26. Fraud may be defined as an act of deliberate deception with the design of securing
some unfair or undeserved benefit by taking undue advantage of another. In fraud one
gains at the loss of another. Even most solemn proceedings stand vitiated if they are
actuated by fraud. Fraud is thus an extrinsic collateral act which vitiates all judicial acts,
whether in rem or in personam. The principle of "finality of litigation" cannot be
stretched to the extent of an absurdity that it can be utilized as an engine of oppression by
dishonest and fraudulent litigants.

39. The above principle, however, is subject to exception of fraud. Once it is established
that the order was obtained by a successful party by practising or playing fraud, it is
vitiated.

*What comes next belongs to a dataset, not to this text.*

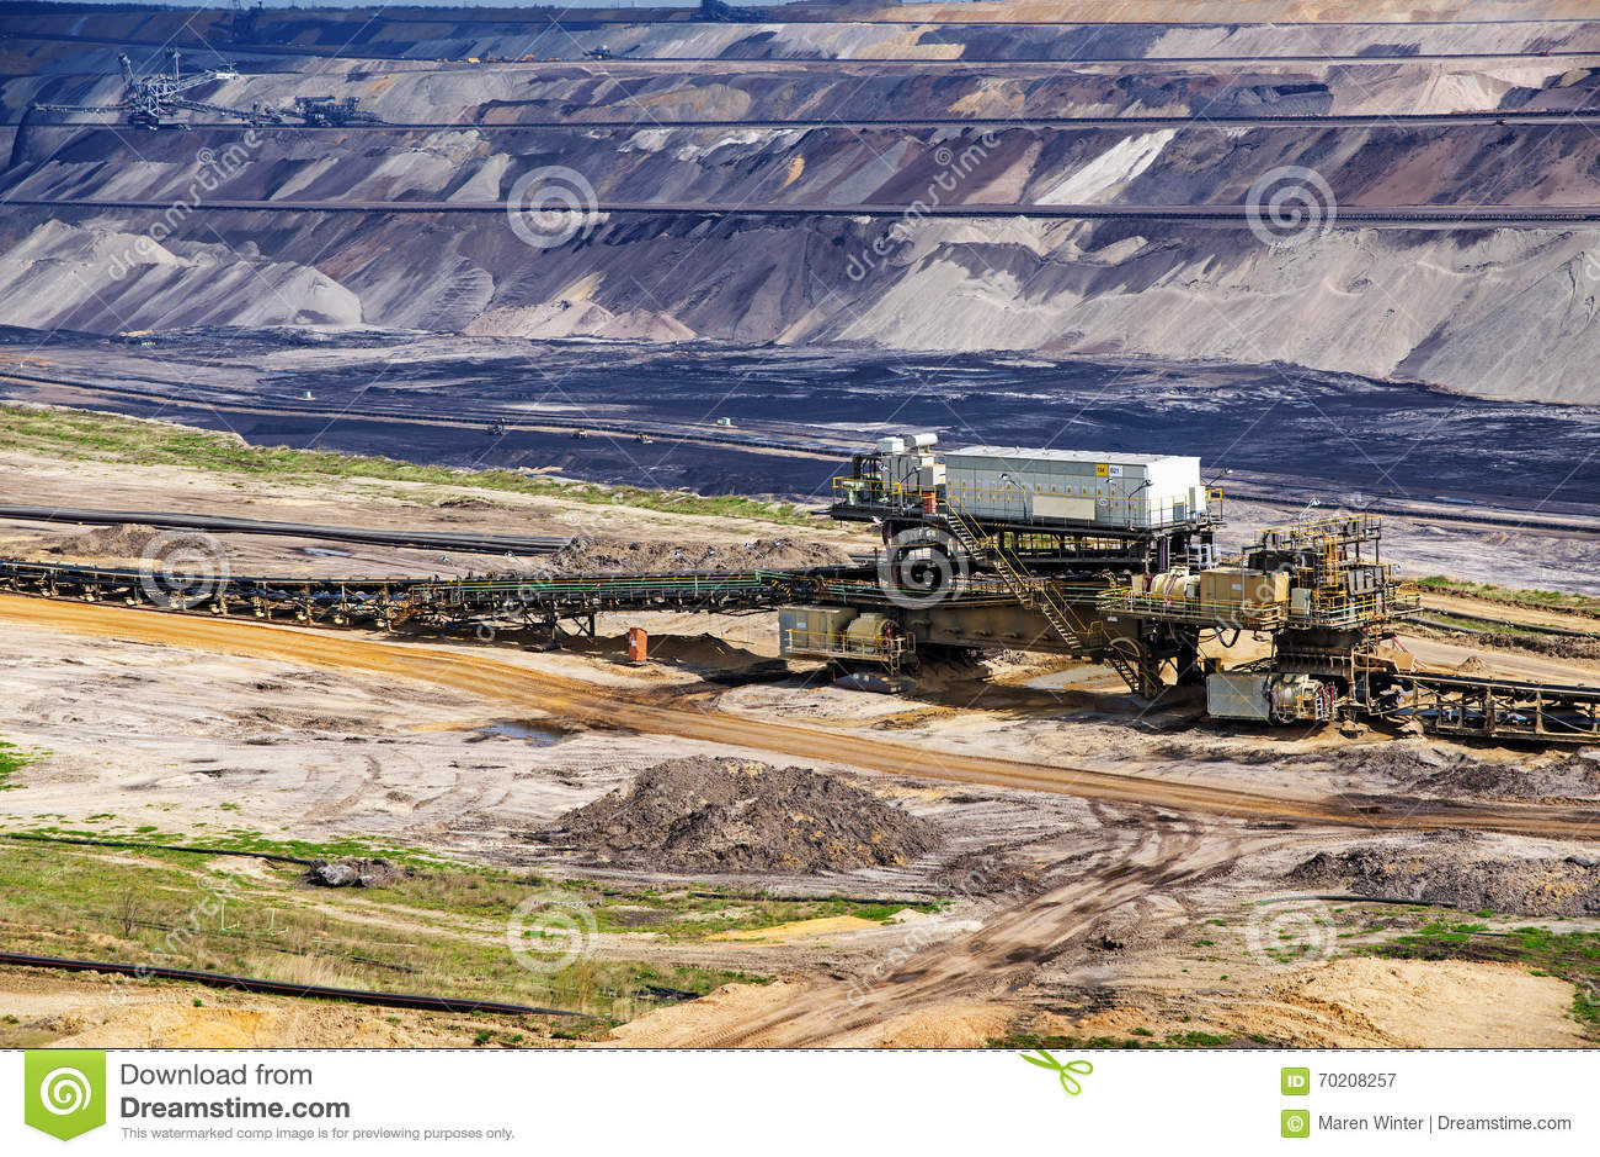 Разработка горных пластов лигнита (бурого угля) в Garzweiler, Германии

Such order cannot be held legal, valid or in consonance with law. It is non-
existent and non est and cannot be allowed to stand. This is the fundamental principle of
law and needs no further elaboration. Therefore, it has been said that a judgment, decree
or order obtained by fraud has to be treated as nullity, whether by the court of first
instance or by the final court. And it has to be treated as non est by every court, superior
or inferior.

13. Whenever it comes to the knowledge of the Collector that such fraudulent entries
have been made, it is always open for the Collector to enquire into the title and correct
the entries under Section 33/39 of the Revenue Act. This Court has laid down in the case
of Lutawan v. Gaon Sabha 1993 RD 103 to the same effect. The petitioner has not been
able to establish his right, title or claim based on any genuine document. How his name
appeared all of sudden in 1372 fasli is also not known and is amazing. It was a device at
the behest of the petitioner to usurp the Gaon Sabha land and with that motive and
intention he got his name fraudulently recorded in the basic year although earlier to the
basic year name of the Gaon Sabha was continuing and the land in question was recorded
as land covered under water (jalmagana bhumi).

14. In view of the aforesaid discussion, I find that the authorities have committed no
mistake in correcting the entry under Section 33/39 of the Revenue Act and the name of
the petitioner was rightly expunged from the revenue record.

15. The petition is devoid of merit. It is accordingly dismissed.